The exact prevalence of this syndrome is still unknown and it depends on many factors. This syndrome is one of the most controversial issues related to women [23] . A review study indicated that the prevalence of this syndrome is 14 - 88 percent among which 5 - 10 percent of women suffer from its severe type [24] . Due to the variety of symptoms, severity and type of diagnostic criteria, estimating the prevalence of this syndrome is hard and varies in each society. Some previously conducted studies reported that its prevalence is 20 - 90 percent [25] .

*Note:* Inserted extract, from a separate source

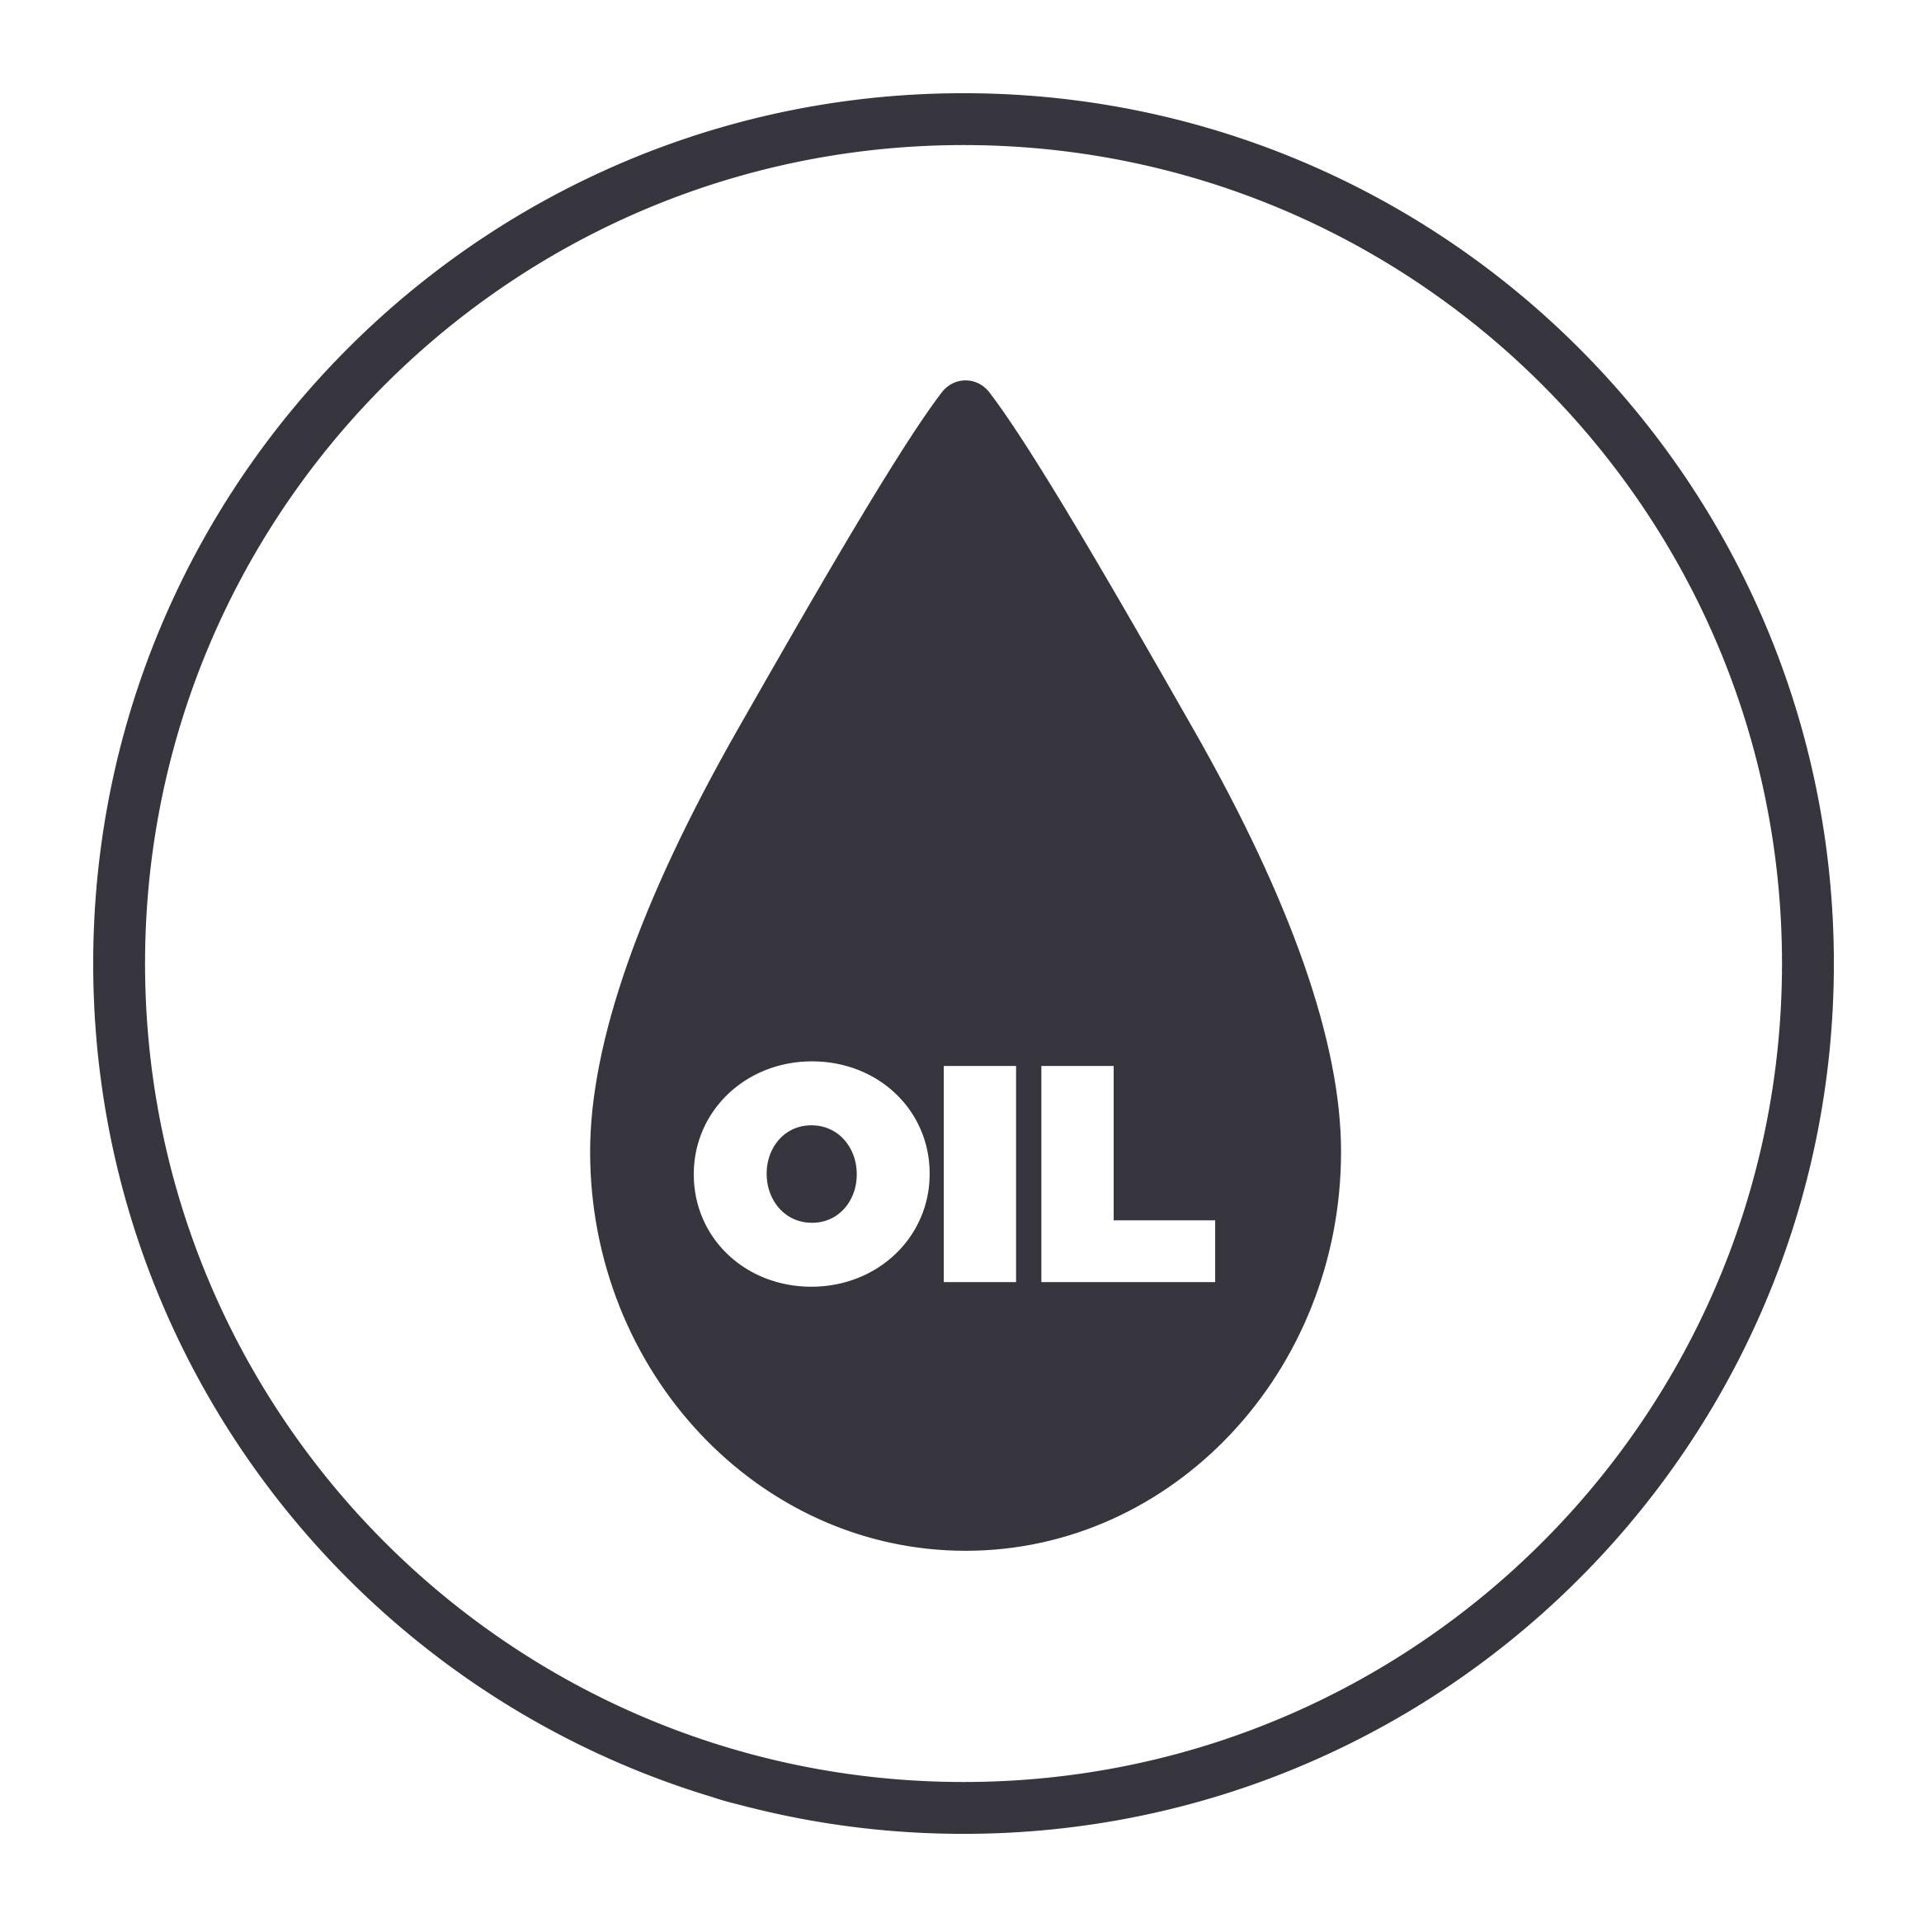 OIL<br>EQUIPMENT

In fact, about 90% of women have reported some of the symptoms of premenstrual syndrome in some of their cycles. Approximately, “20%” of women have frequently experienced behavioral, emotional or physical symptoms of premenstrual syndrome in their childbearing age [26] .

Various theories, including that those who are physiologically more sensitive to normal cyclical changes in estrogen and progesterone are prune to this syndrome, considering psychological, medical, social, nutritional causes and etc. which could have consequences for the individual and society, have been proposed for this syndrome [27] -[30] .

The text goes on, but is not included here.